I think the Precision Phono is probably around a 20Hz second order. Even that would increase my little hypothetical speaker's power handling at a 12Hz rumble frequency from about .75W to 7W. Cone excusion is cut by about 70%. Since the rumble is a fixed component not really tied to the music, in acoustic terms, that's double the volume for the rest of the system (with a filter you say is too low and does not work). But, a 20Hz rumble filter works just fine. Why? There is nothing to suppress from 20Hz to around 35Hz. If you have this problem in the Fosi? Well, you're just screwed if you try to play loud. You can't turn up the music without blowing the woofers.
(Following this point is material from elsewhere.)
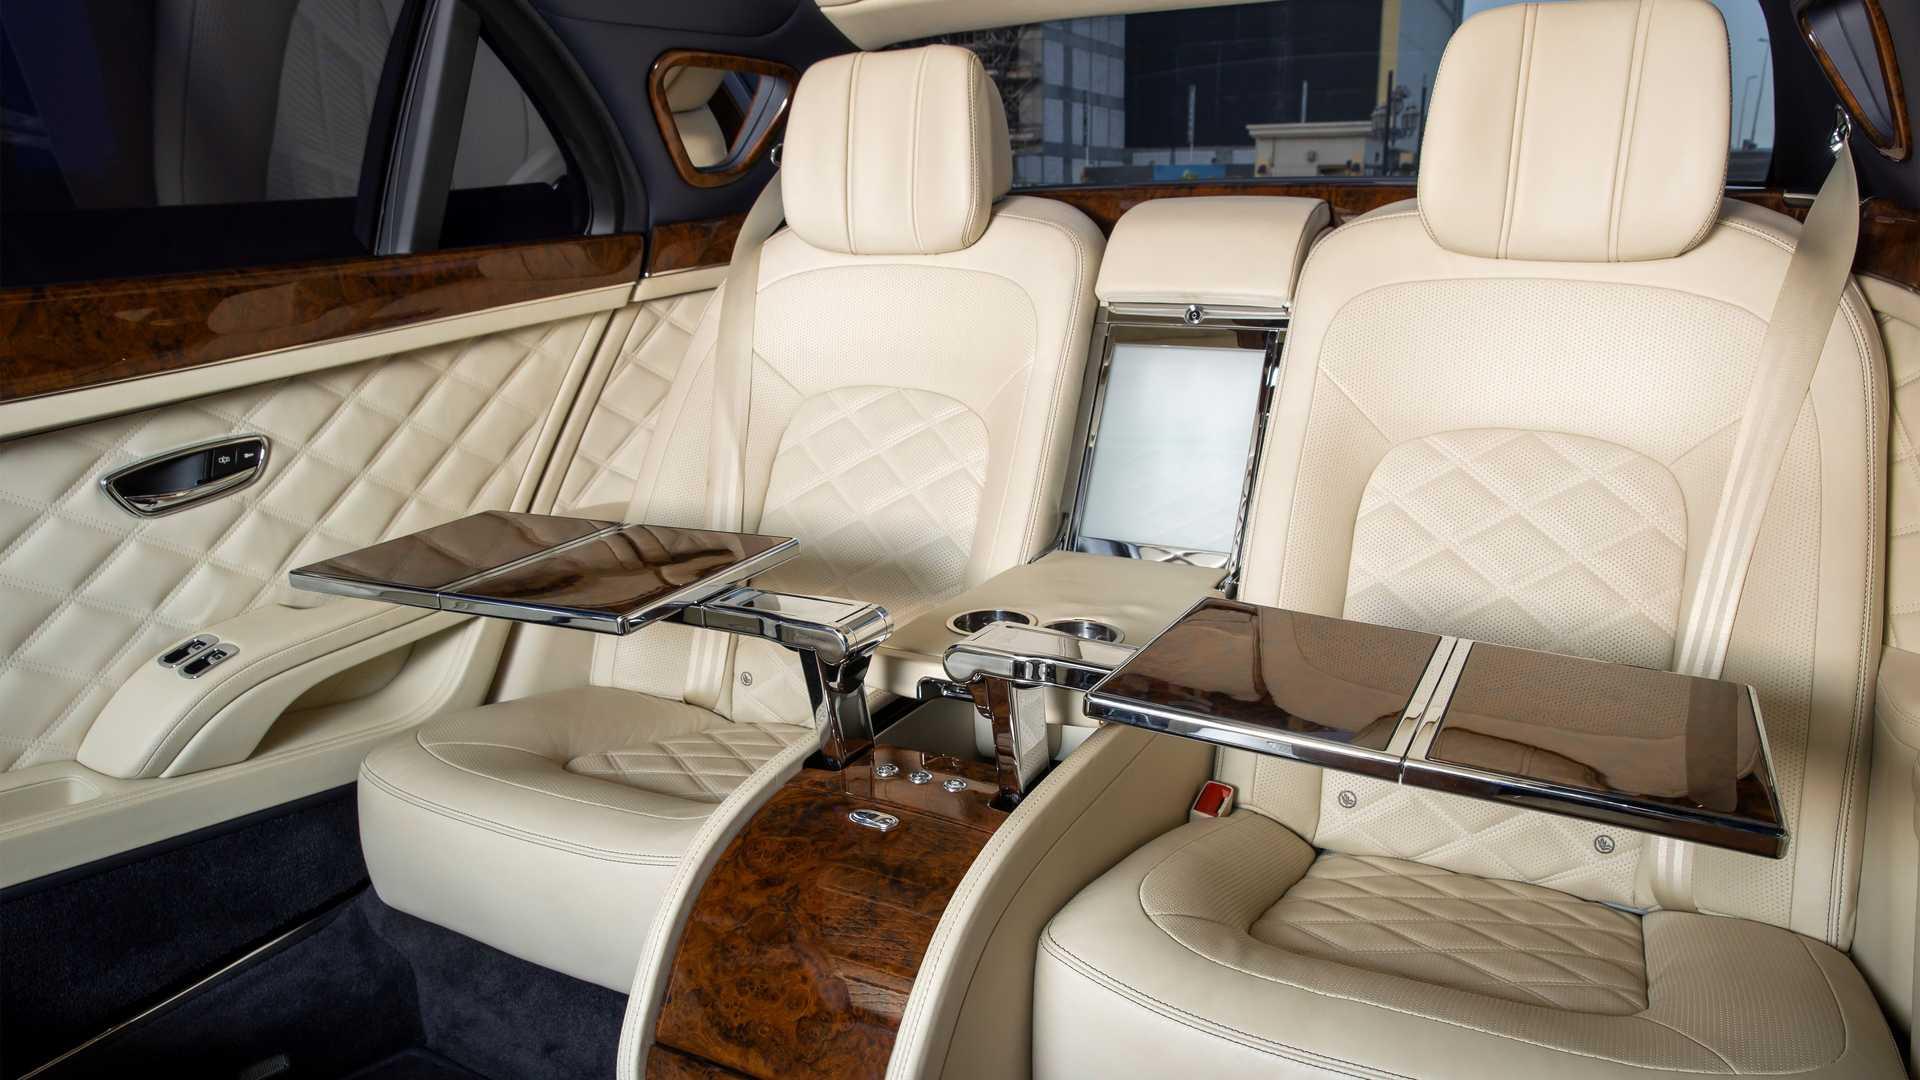 Bentley-Mulsanne-Grand-Limousine-by-Mulliner-8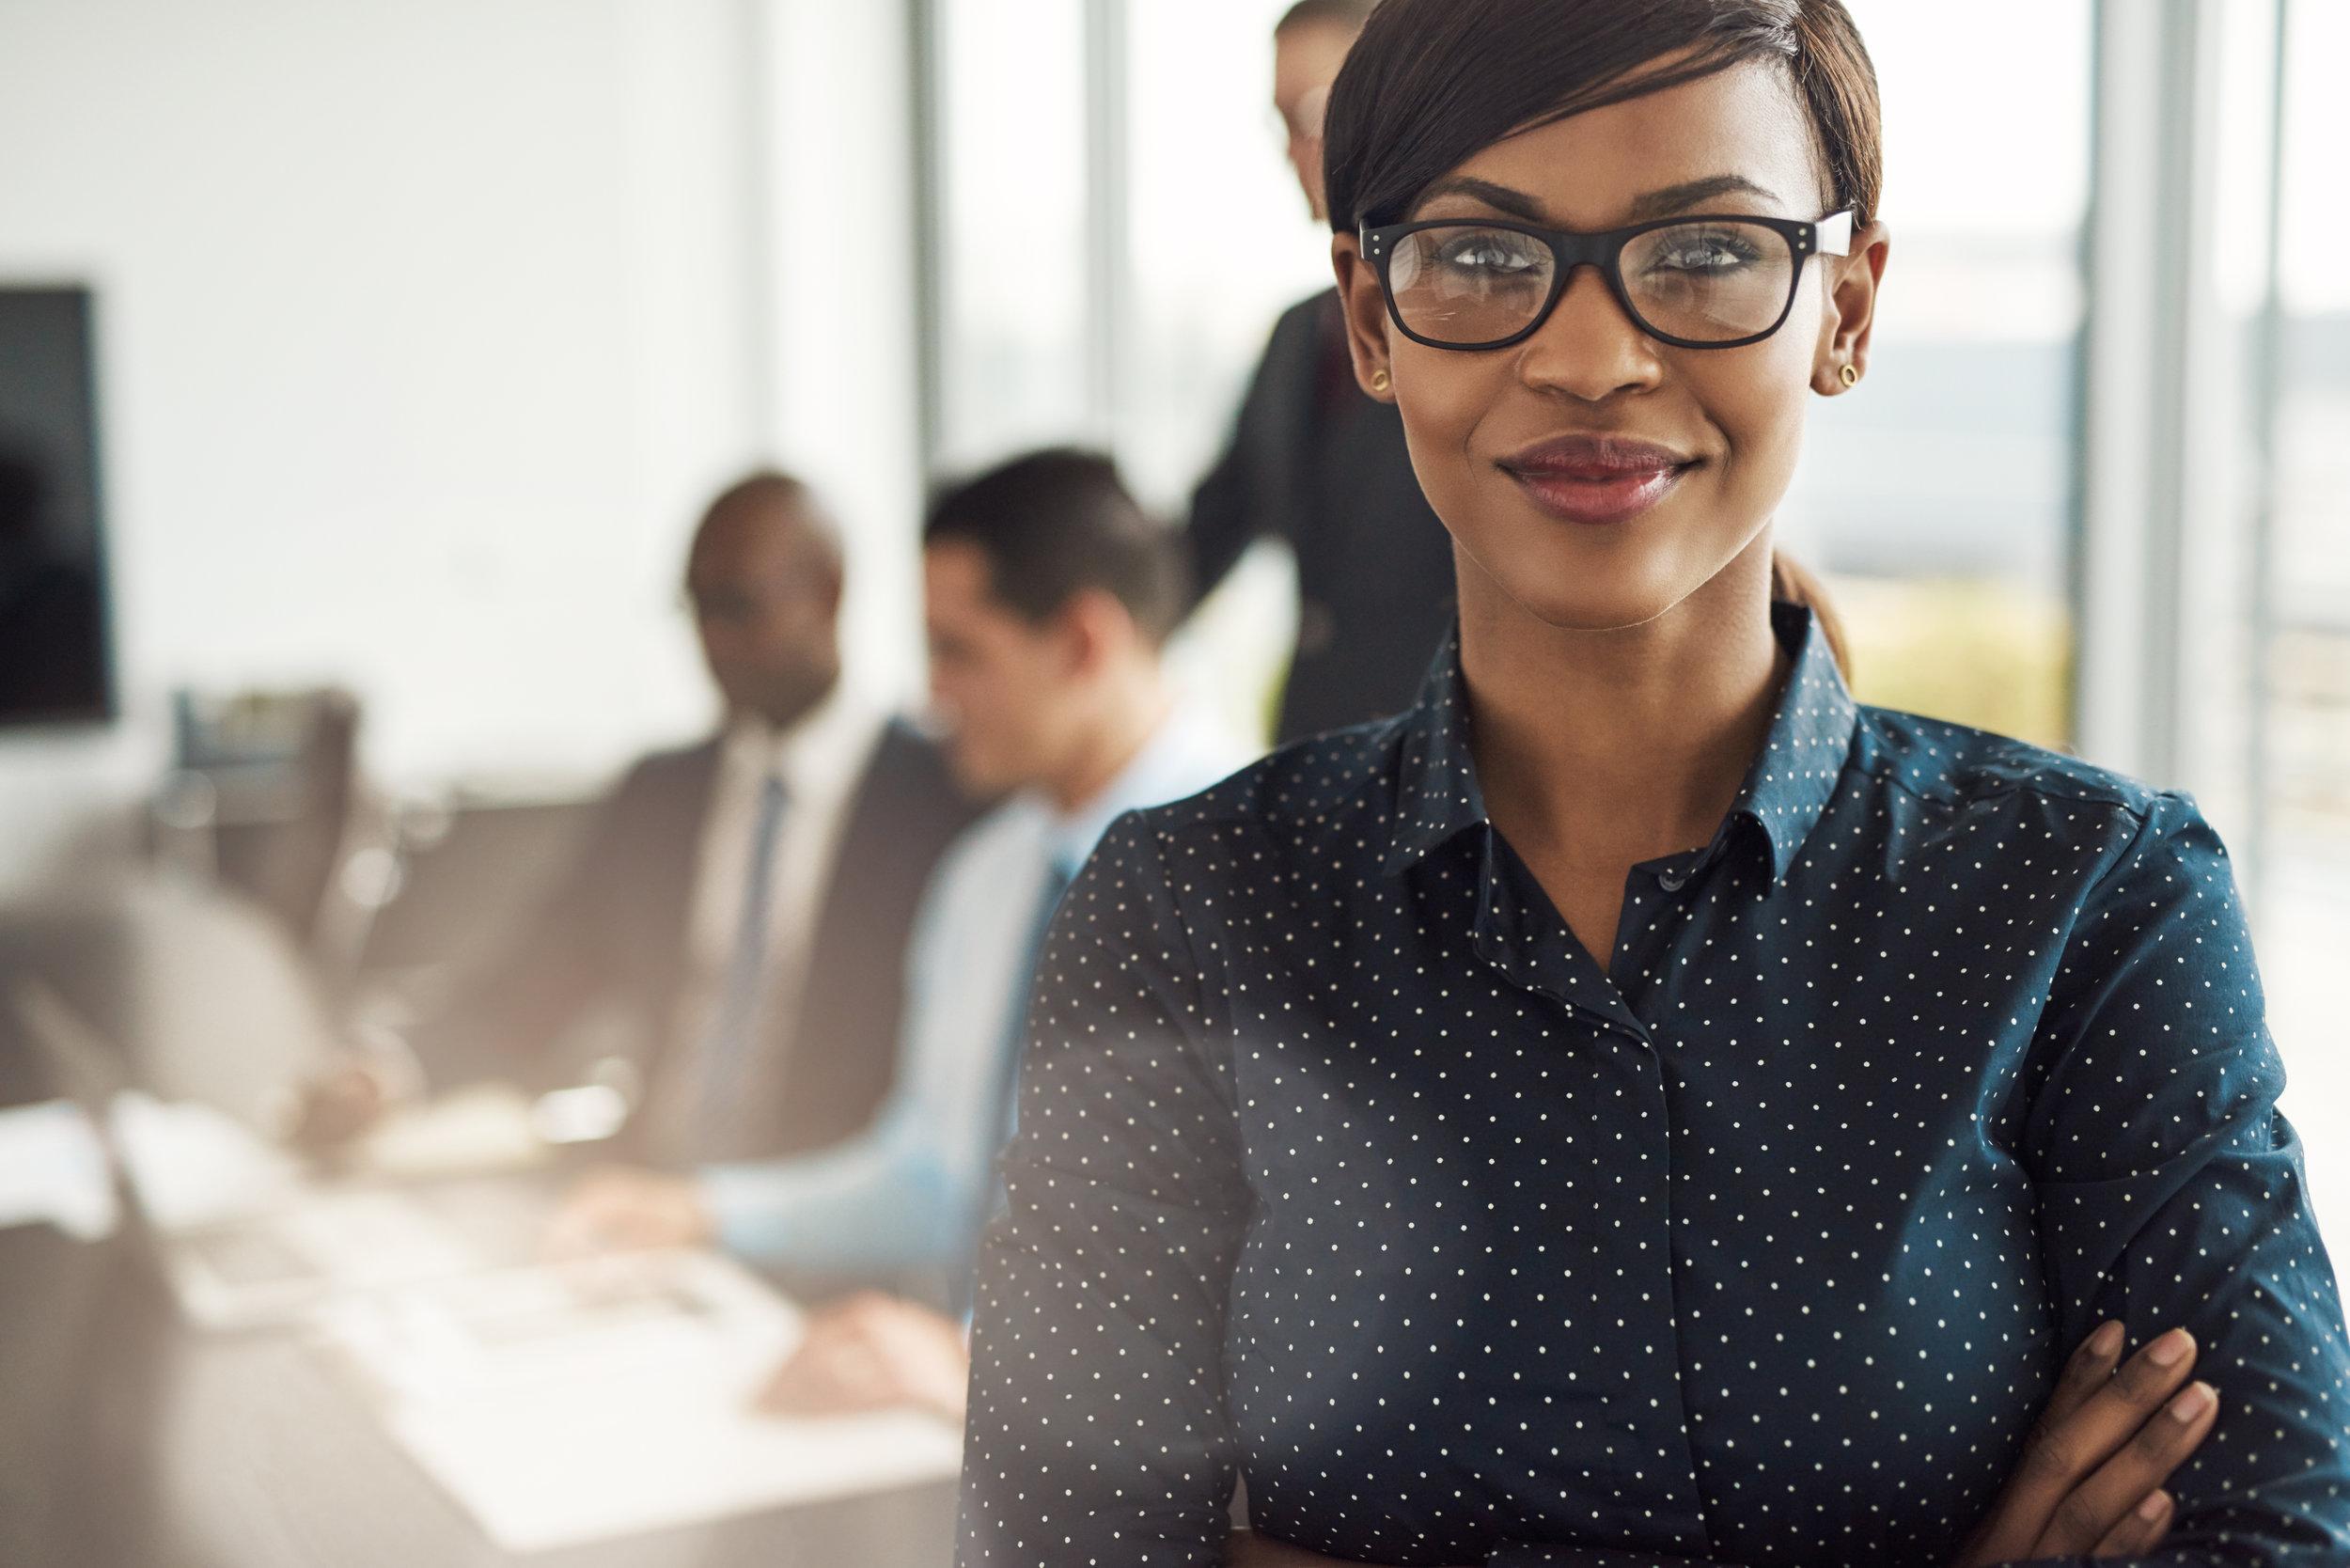 Krystal-Hicks-JobTalk-Career-advice 2.jpg

So, stop telling people rumble filters are "blatant nonsense". In my example, I just saved my speakers and kept on crankin' it and rocking by pushing a button you say I didn't need and would not work unless it was at 50Hz. While a third order filter at 20Hz would be ideal, or a second order at 30Hz, a second order filter (12db/oct) around 20Hz probably does get the done even on small bookshelf speakers.
I would never play a record (since the mid 1970's) without this analog RUMBLE FILTER:
It's -1/2 dB at 20 Hz, -1 dB at 17.5 Hz, -2 dB at 15 Hz, -3 dB at 14 Hz, - 5 dB at 12 Hz and -10 dB at 10 Hz.